Sarah Turner, Home Grown ambassador and Angel Academe CEO

“Support the science and technology communities and tech hubs”

Senior male researcher carrying out scientific research in a lab

“Whichever government we have next will need to think carefully about how to support the science and technology communities and tech hubs.

“Cambridge and its deep tech research, development and entrepreneurship in areas like AI, quantum, semiconductors and new materials play a key role in growing our economy – it’s vital that the next government recognises this with policies and following action to match, to improve public services and create high skilled jobs that can power it forward.”

Chris Bruce, Chairman of Cambridge Tech Week

“Take a light touch approach to regulation of inventions”

“A common-sense and ‘light touch’ approach to regulation of inventions in industries such as biomanufacturing will be welcomed by innovative businesses across the country looking to take their products and services to market, and this should be prioritised by the next government.

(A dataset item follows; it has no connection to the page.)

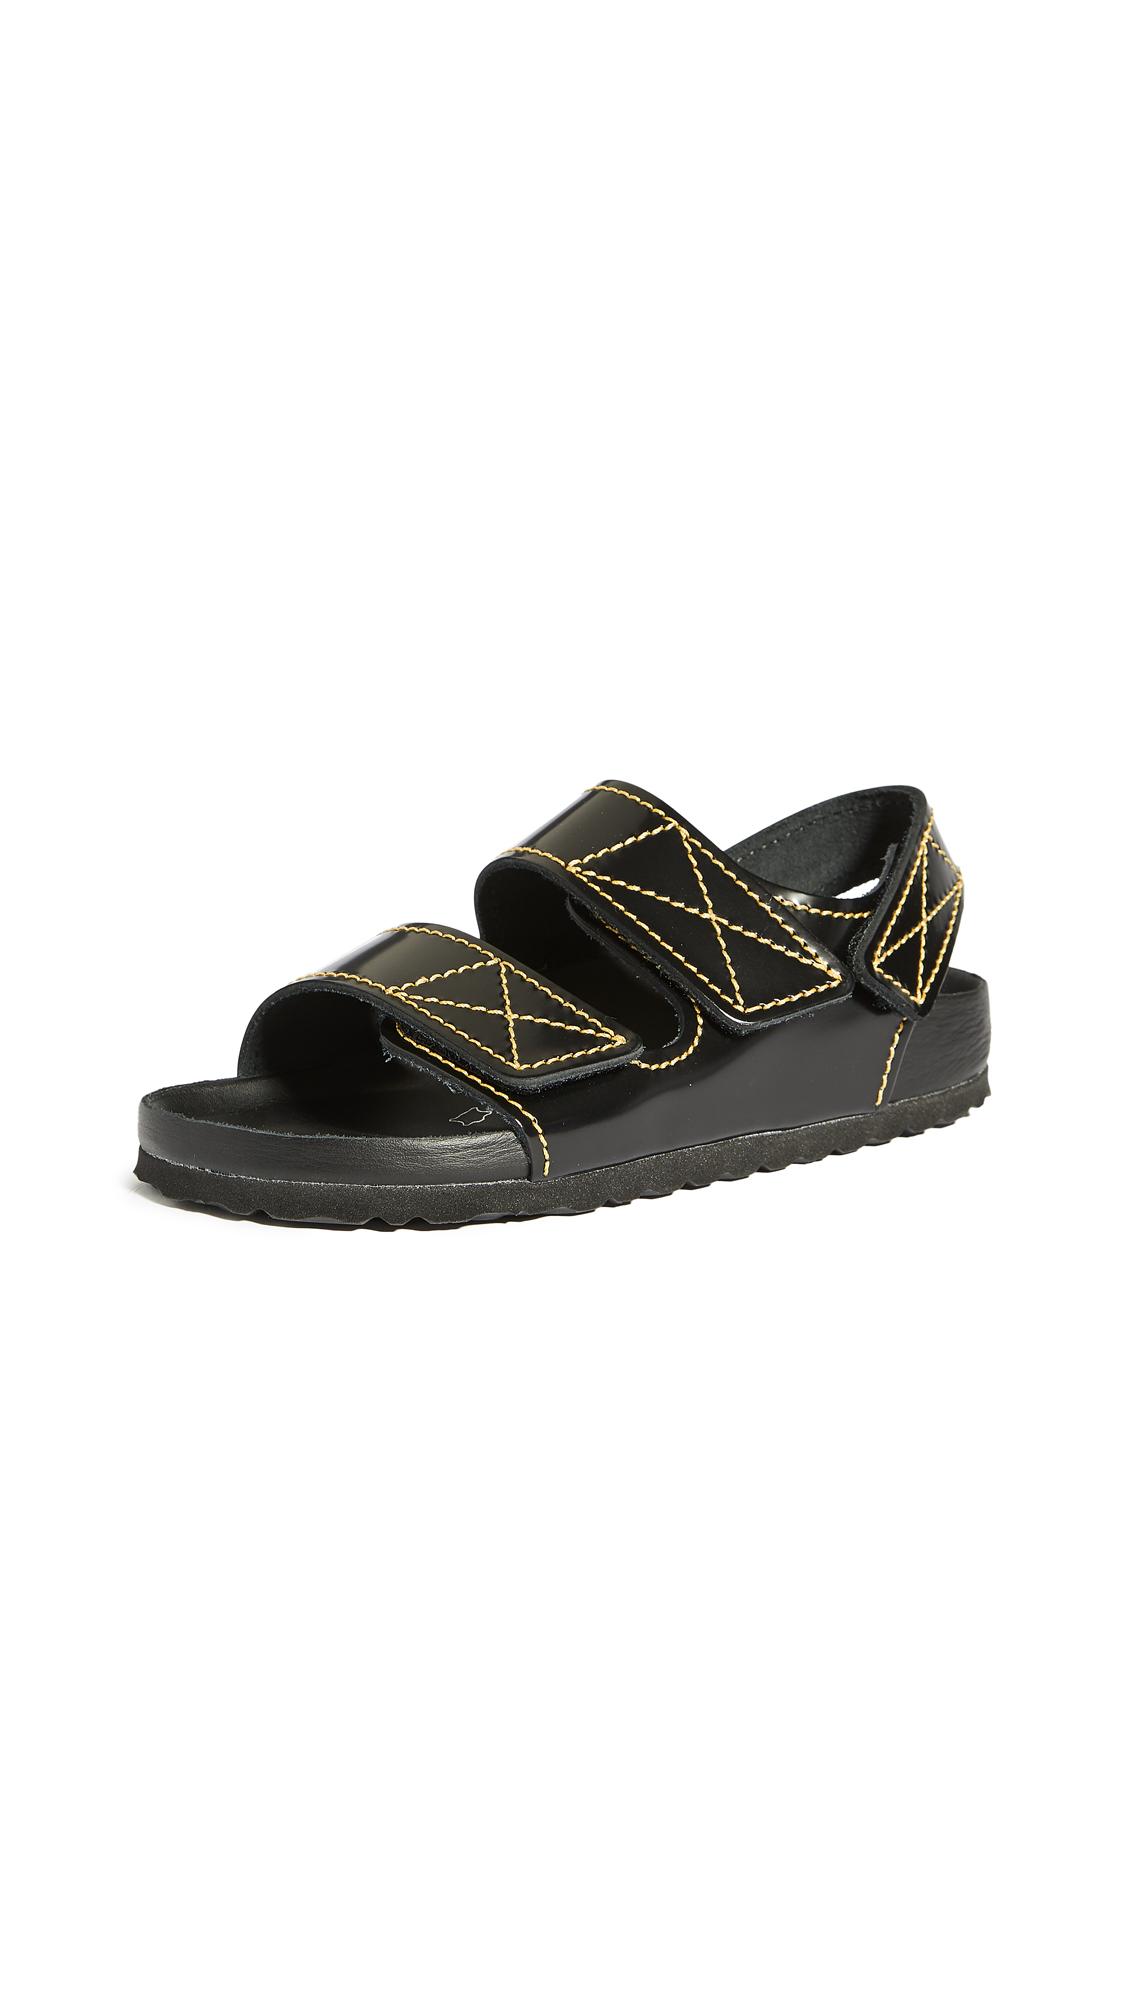 Birkenstock x Proenza Schouler Milano PS EXQ NL Slingback Sandals-Narrow

“For example, in the biomanufacturing space, there is a risk that heavy-handed regulation could prevent UK companies from exploiting their existing competitive advantage.

“On the funding and investment side, there is an increasing feeling that the Mansion House Reforms, which have been such a focus for the current government, do not go far enough to unlock the potential of pension investments. More reforms in this space are needed if the UK is to keep its competitive edge.”

David Holt, Partner and IP Solicitor at Potter Clarkson

“Peace in Europe requires funding and innovation”

“The elected government must prioritise defence and international cooperation. Not only does the UK need to safeguard itself and bolster its own defence capabilities, financial support for its allies is also important.

“What we have seen since the outbreak of the war in Ukraine is global instability, from food scarcity to soaring fuel and energy prices. Peace in the region requires funding and innovation, and whichever government is elected on 4th July must invest in technology (and the companies spearheading this) that will help achieve and maintain security.”

Andriy Dovbenko, Principal and Founder of UK-Ukraine TechExchange

“Ensure that the UK is a world leader in space”

“Skyrora would like to see investment in the space sector on the list of any government’s priorities. The innovative and intensive nature of the industry means that we require support from all levels – in the form of public and private investment – to ensure that the UK is a world leader in space.

Unlocking space is key to unlocking a thriving economy and will also play an important role in the nation and its allies’ defence capabilities.”